> [DATA SEGMENT]:
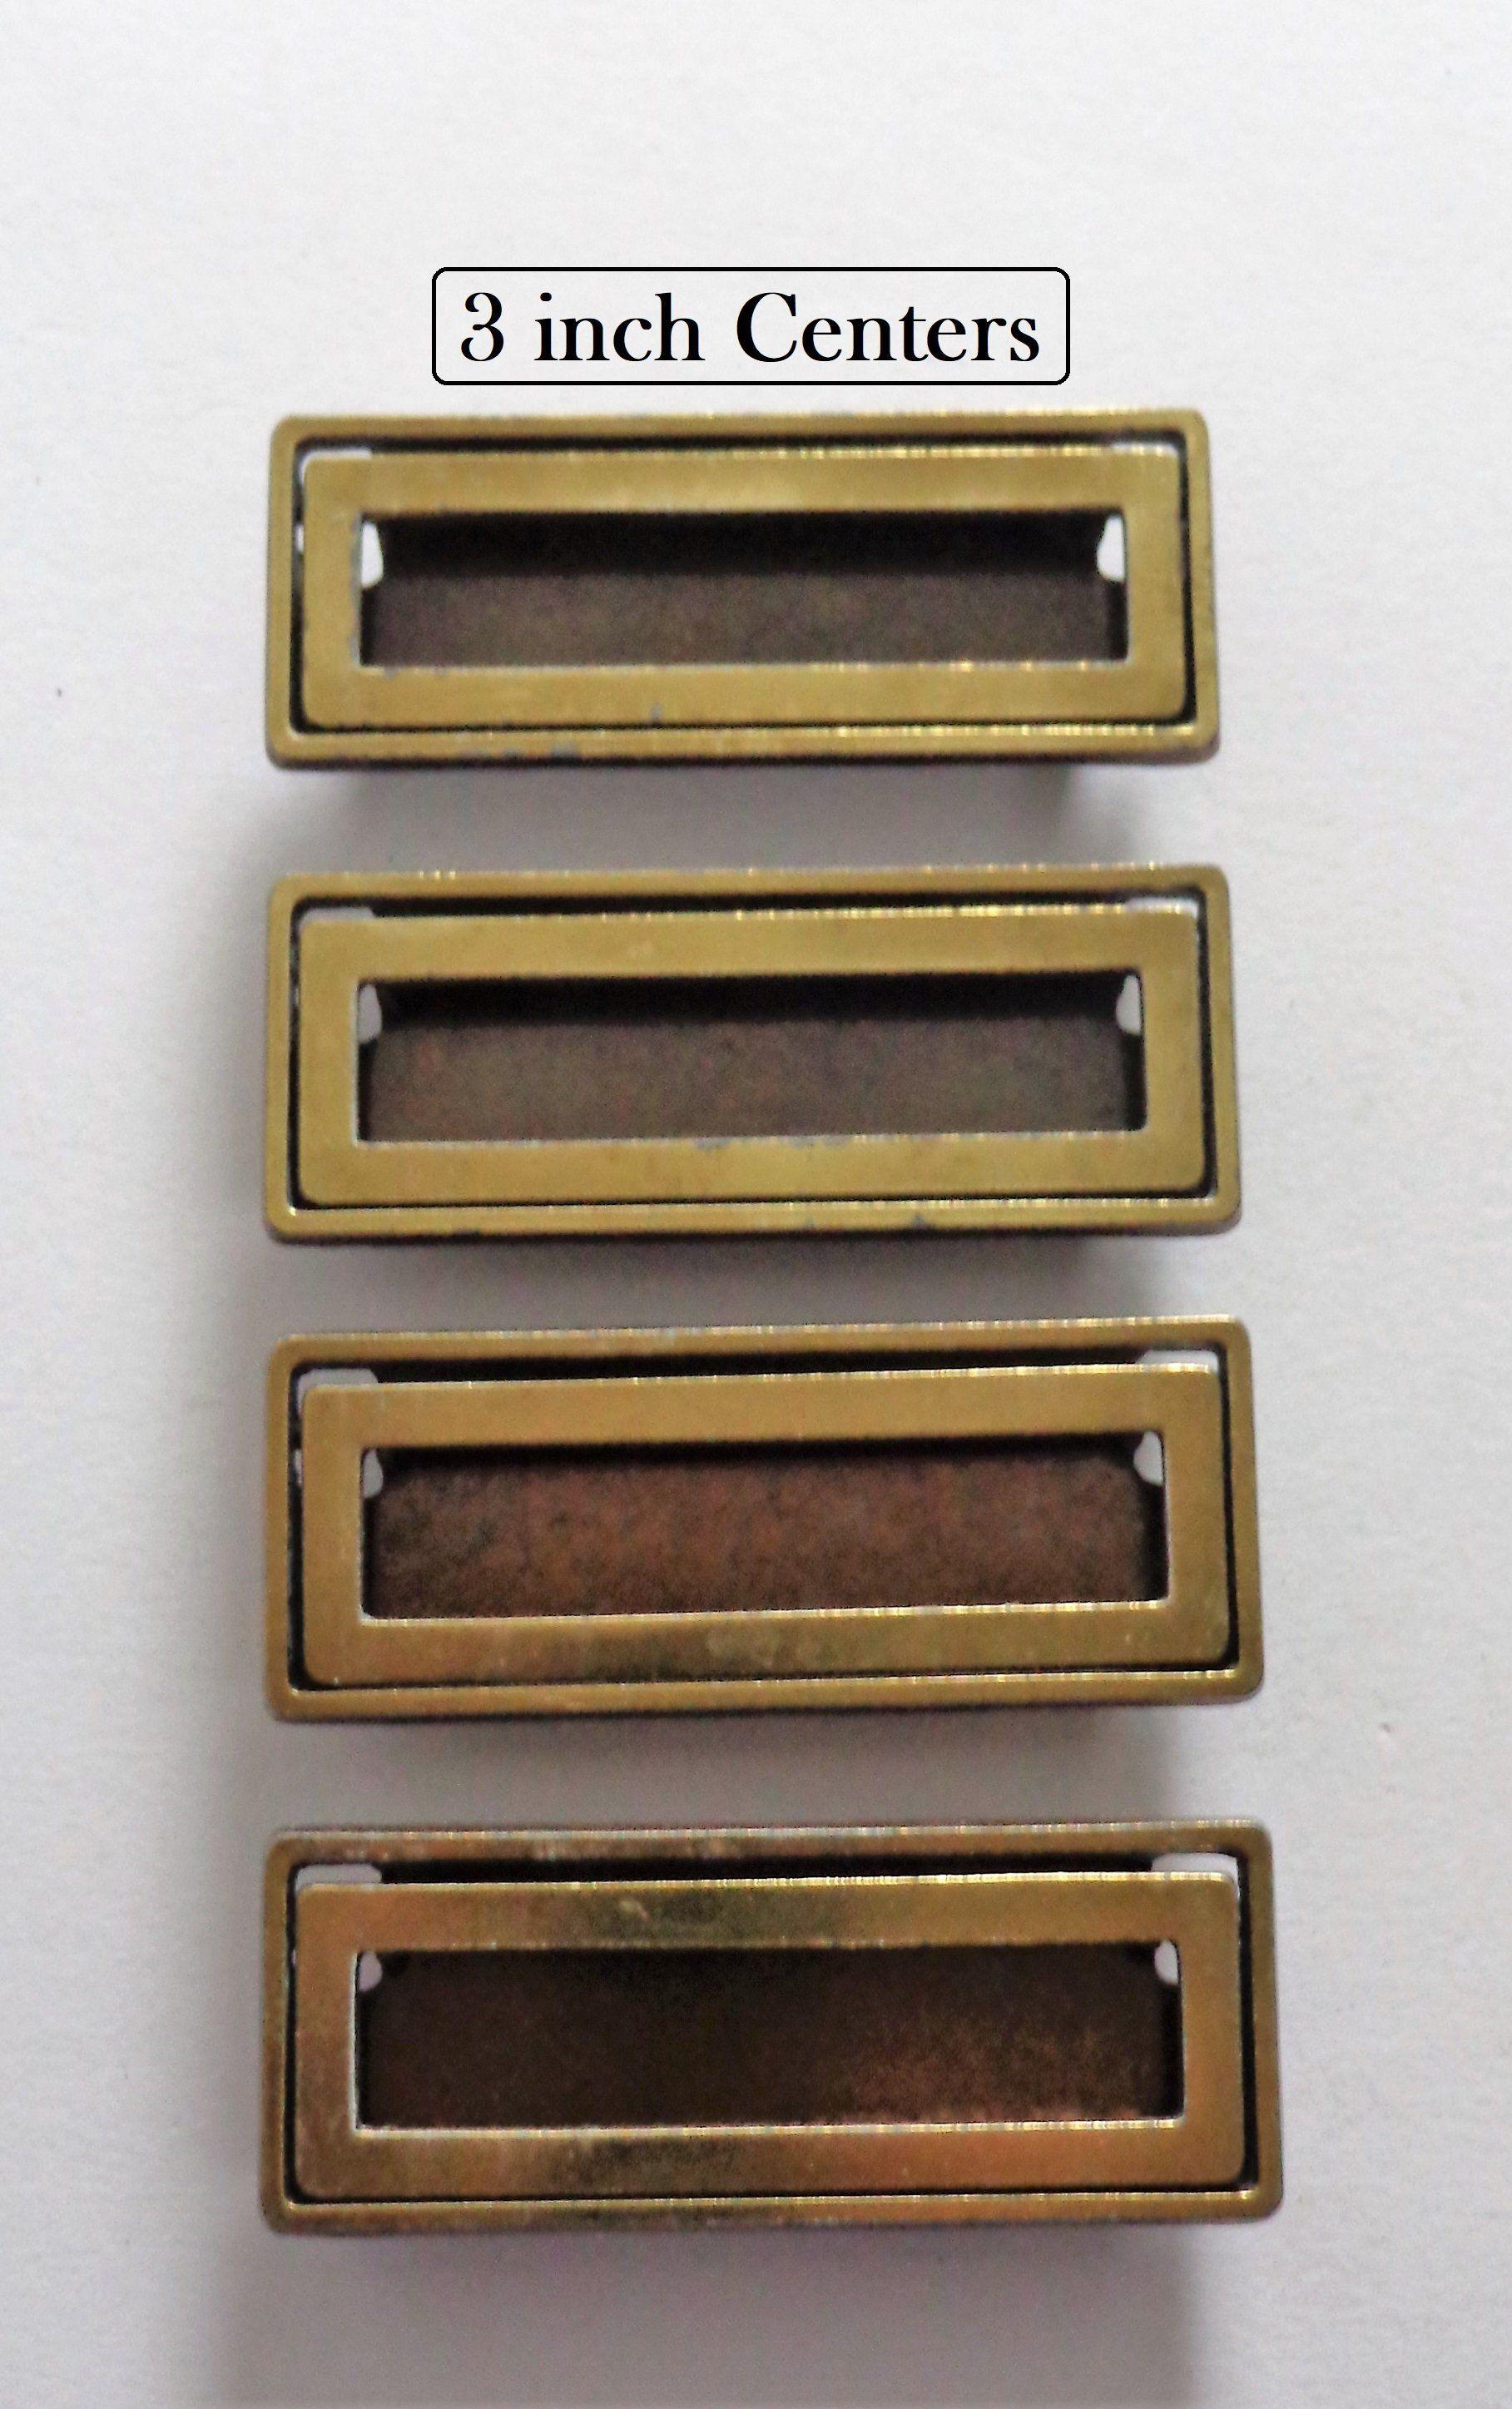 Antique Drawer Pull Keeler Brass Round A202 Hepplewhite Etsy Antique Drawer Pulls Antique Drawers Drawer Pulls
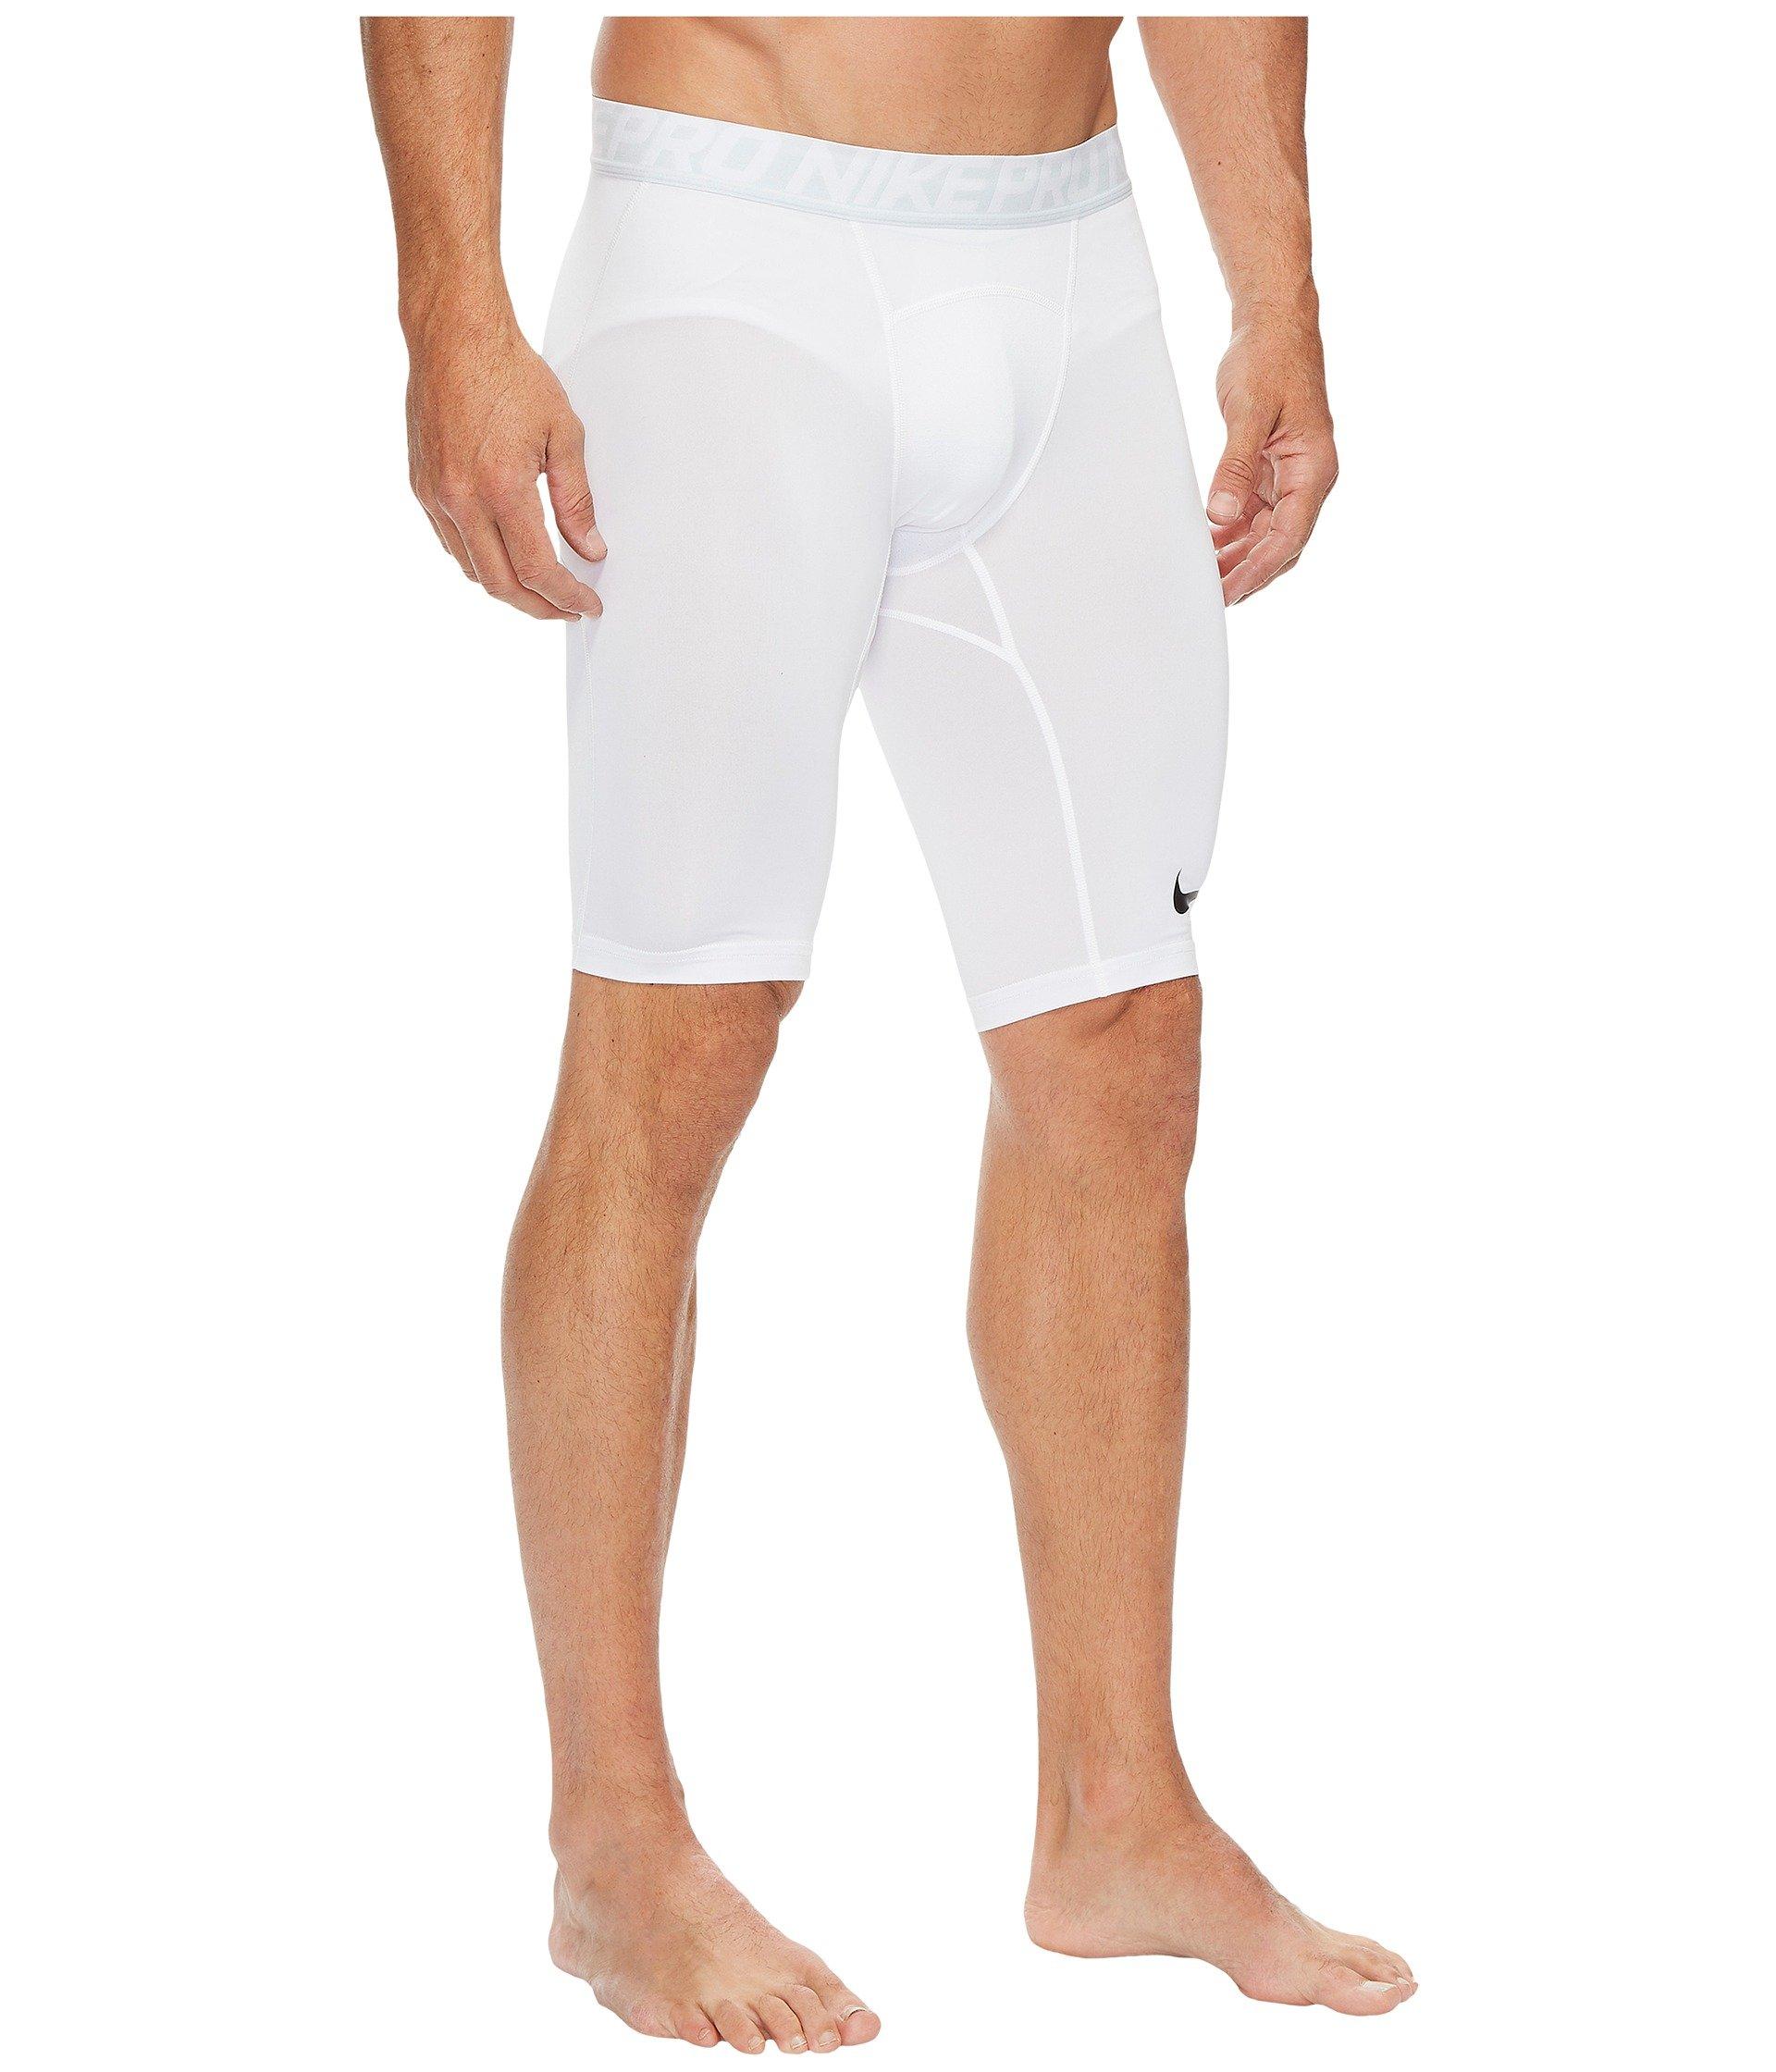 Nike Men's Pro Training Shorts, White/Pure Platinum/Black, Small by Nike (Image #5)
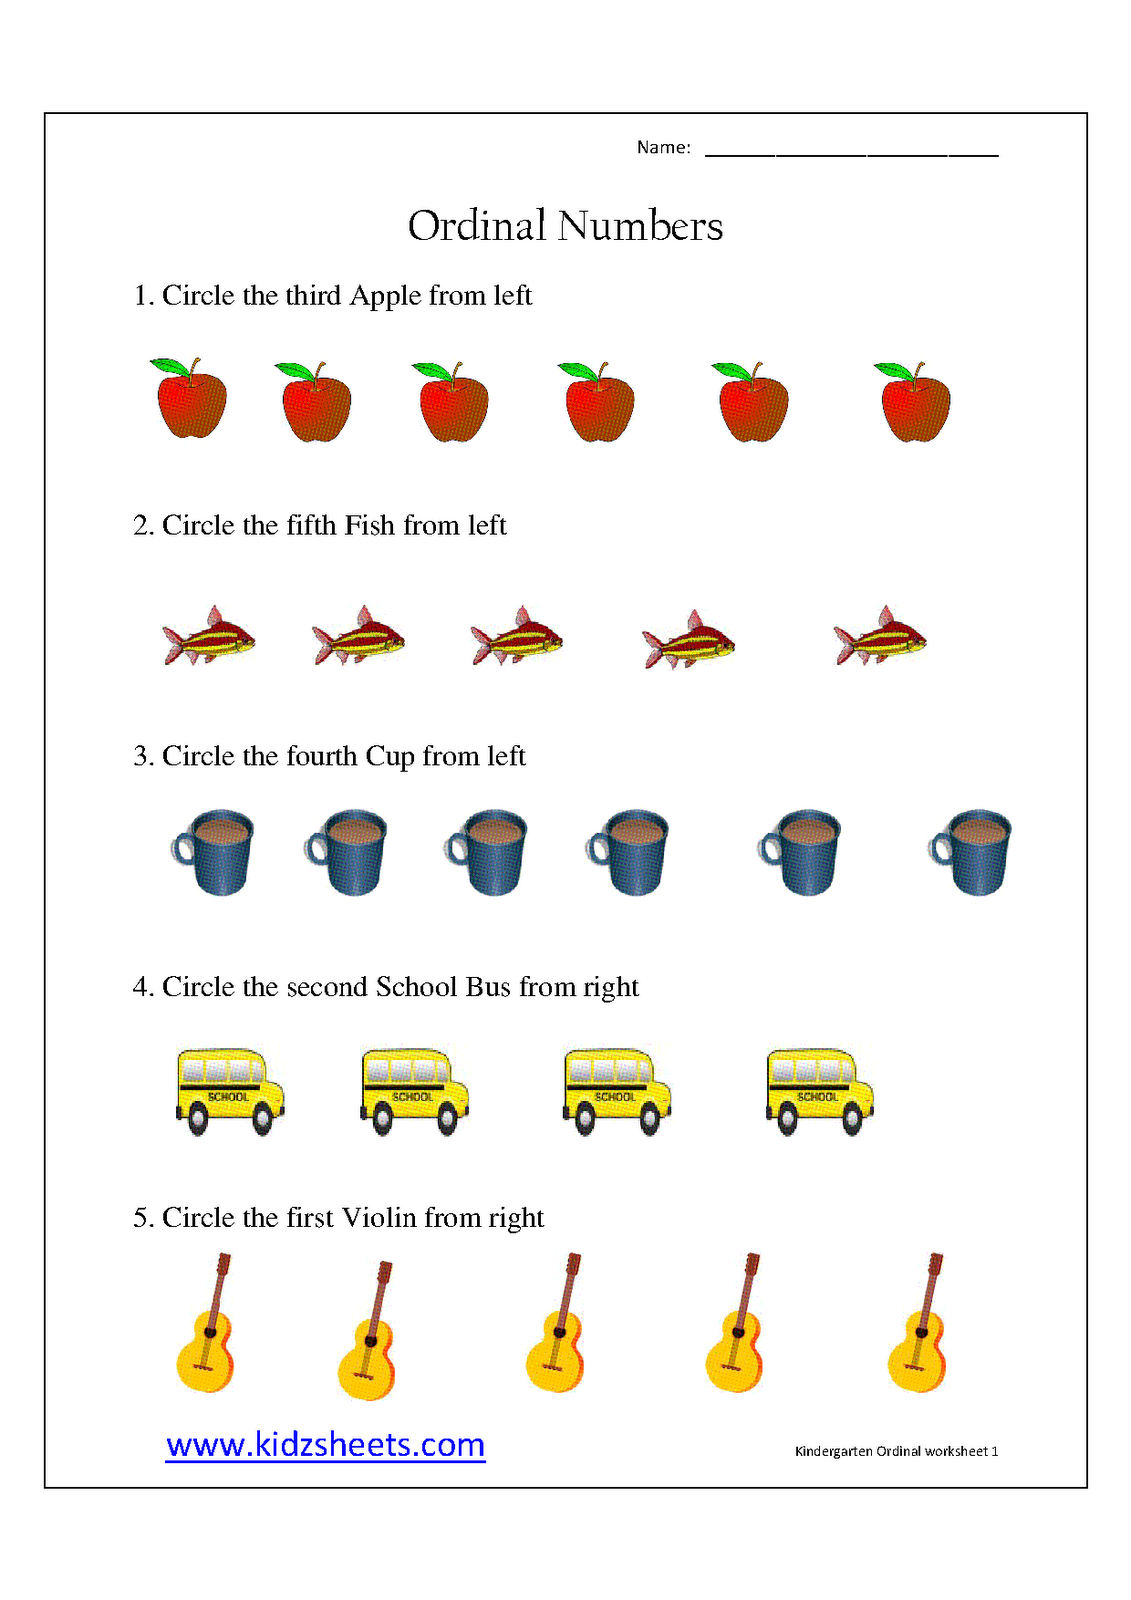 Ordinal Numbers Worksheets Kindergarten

> [WHAT TO PRODUCE]:
Only the lines from the one containing "Nike Men's Pro" through the end of the listing above should be reproduced, exactly as they stand. Leave the pictures out.

> [REPLY]:
 Nike Men's Pro Training Shorts, White/Pure Platinum/Black, Small by Nike (Image #5)
 Ordinal Numbers Worksheets Kindergarten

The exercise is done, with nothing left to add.